Common themes and cell type specific variations of higher order chromatin arrangements in the mouse
- Equal contributors
1 Ludwig-Maximilians-Universität München, Department Biologie II, Groβhaderner Str 2, 82152 Planegg-Martinsried, Germany
2 Kirchhoff Institut für Physik, Universität Heidelberg, Germany
3 Institute of Stem Cell Research, GSF – National Research Center for Environment and Health, Neuherberg, Germany
BMC Cell Biology 2005, 6:44 doi:10.1186/1471-2121-6-44Published: 7 December 2005
Similarities as well as differences in higher order chromatin arrangements of human cell types were previously reported. For an evolutionary comparison, we now studied the arrangements of chromosome territories and centromere regions in six mouse cell types (lymphocytes, embryonic stem cells, macrophages, fibroblasts, myoblasts and myotubes) with fluorescence in situ hybridization and confocal laser scanning microscopy. Both species evolved pronounced differences in karyotypes after their last common ancestors lived about 87 million years ago and thus seem particularly suited to elucidate common and cell type specific themes of higher order chromatin arrangements in mammals.
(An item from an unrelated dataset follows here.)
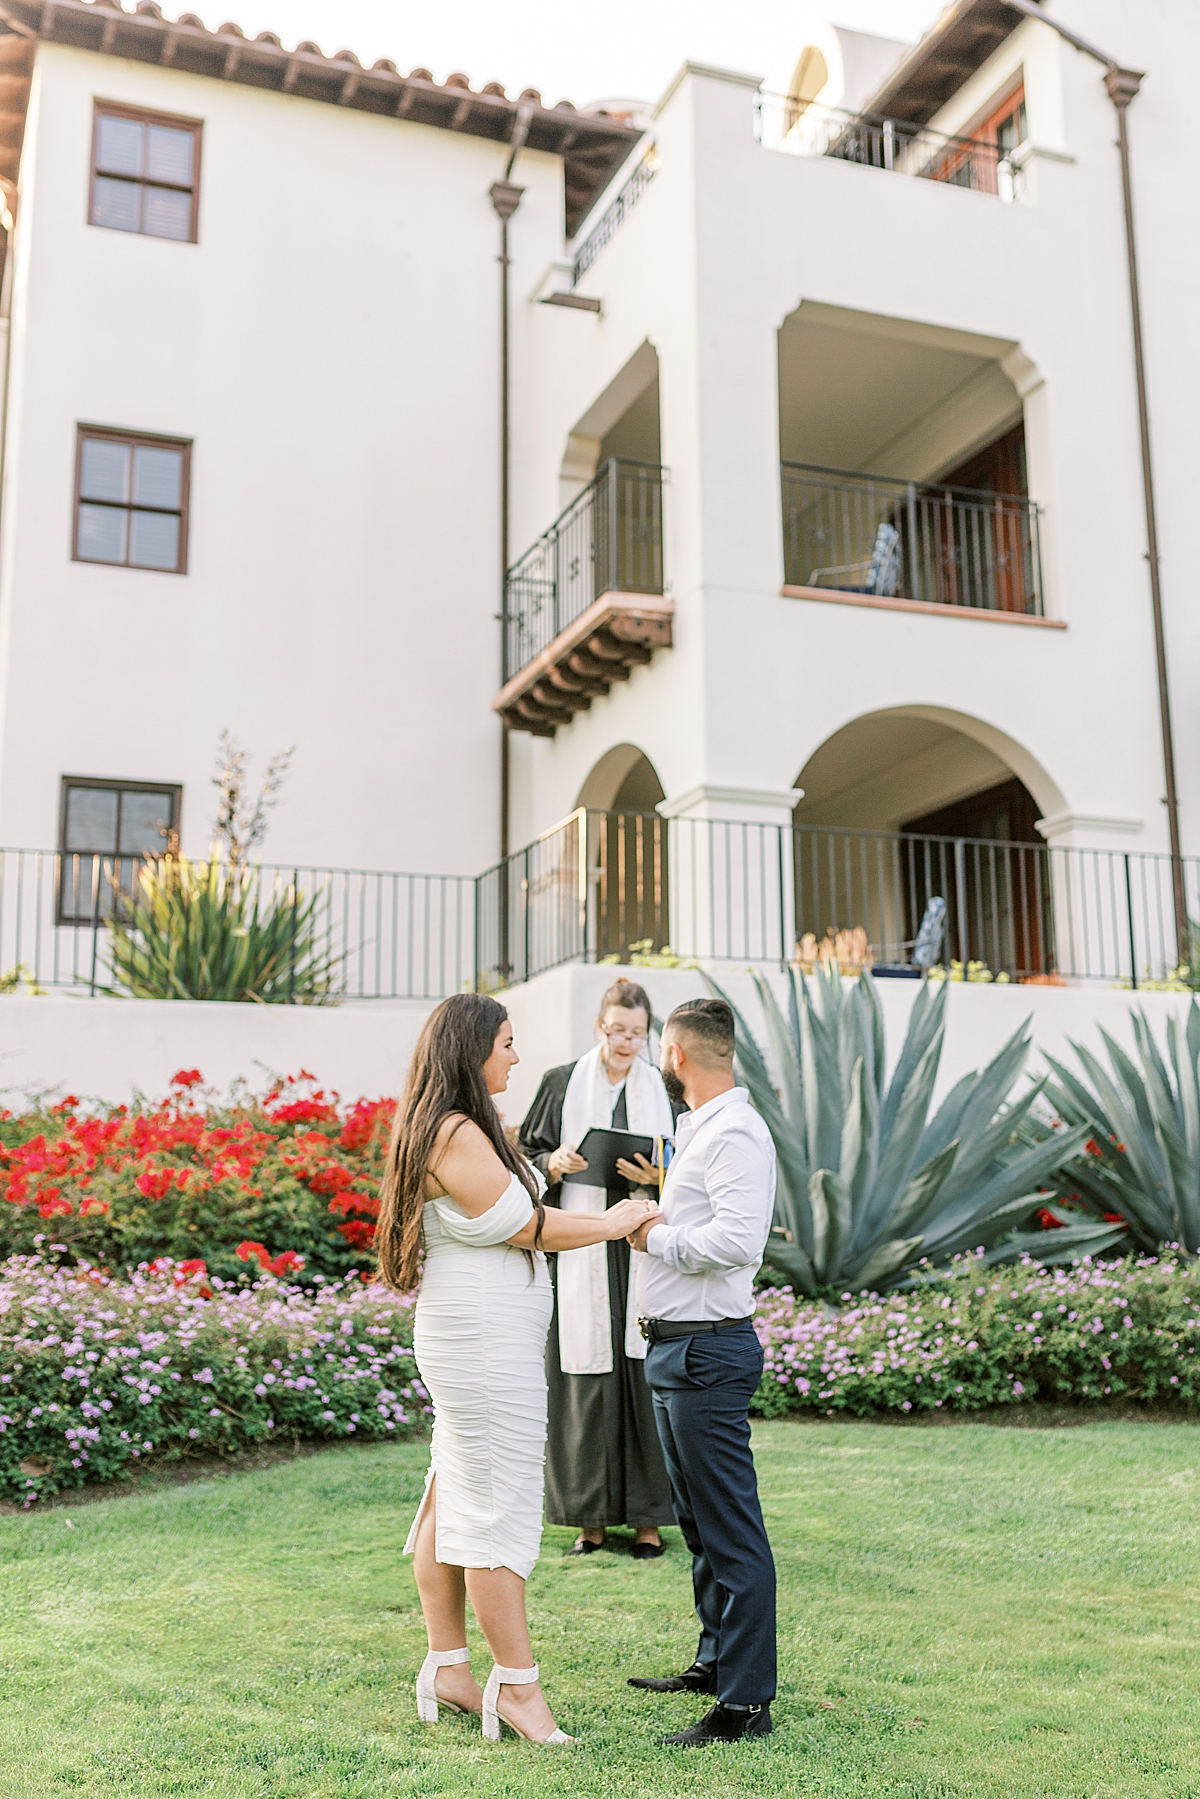 Bella & Omid holding hands during their ceremony at the Ritz-Carlton Bacara in Santa Barbara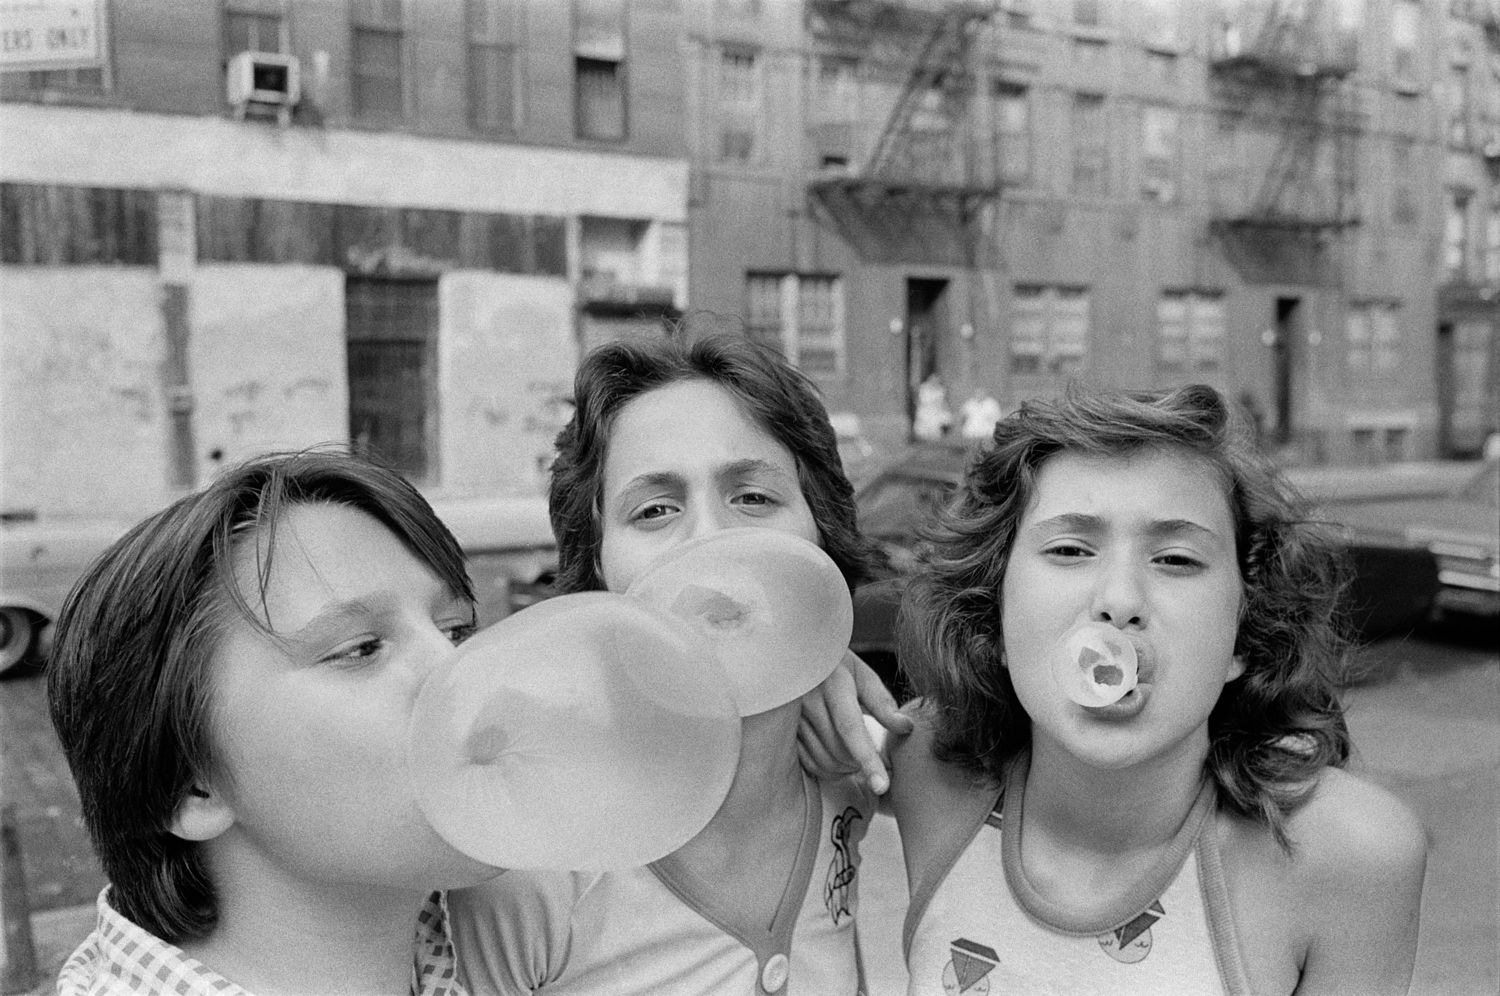 Carol, JoJo and Lisa hanging out on Broome Street, New York City, 1976 © Susan Meiselas / Magnum Photos

All mouse cell types showed non-random correlations of radial chromosome territory positions with gene density as well as with chromosome size. The distribution of chromosome territories and pericentromeric heterochromatin changed during differentiation, leading to distinct cell type specific distribution patterns. We exclude a strict dependence of these differences on nuclear shape. Positional differences in mouse cell nuclei were less pronounced compared to human cell nuclei in agreement with smaller differences in chromosome size and gene density. Notably, the position of chromosome territories relative to each other was very variable.
Chromosome territory arrangements according to chromosome size and gene density provide common, evolutionary conserved themes in both, human and mouse cell types. Our findings are incompatible with a previously reported model of parental genome separation.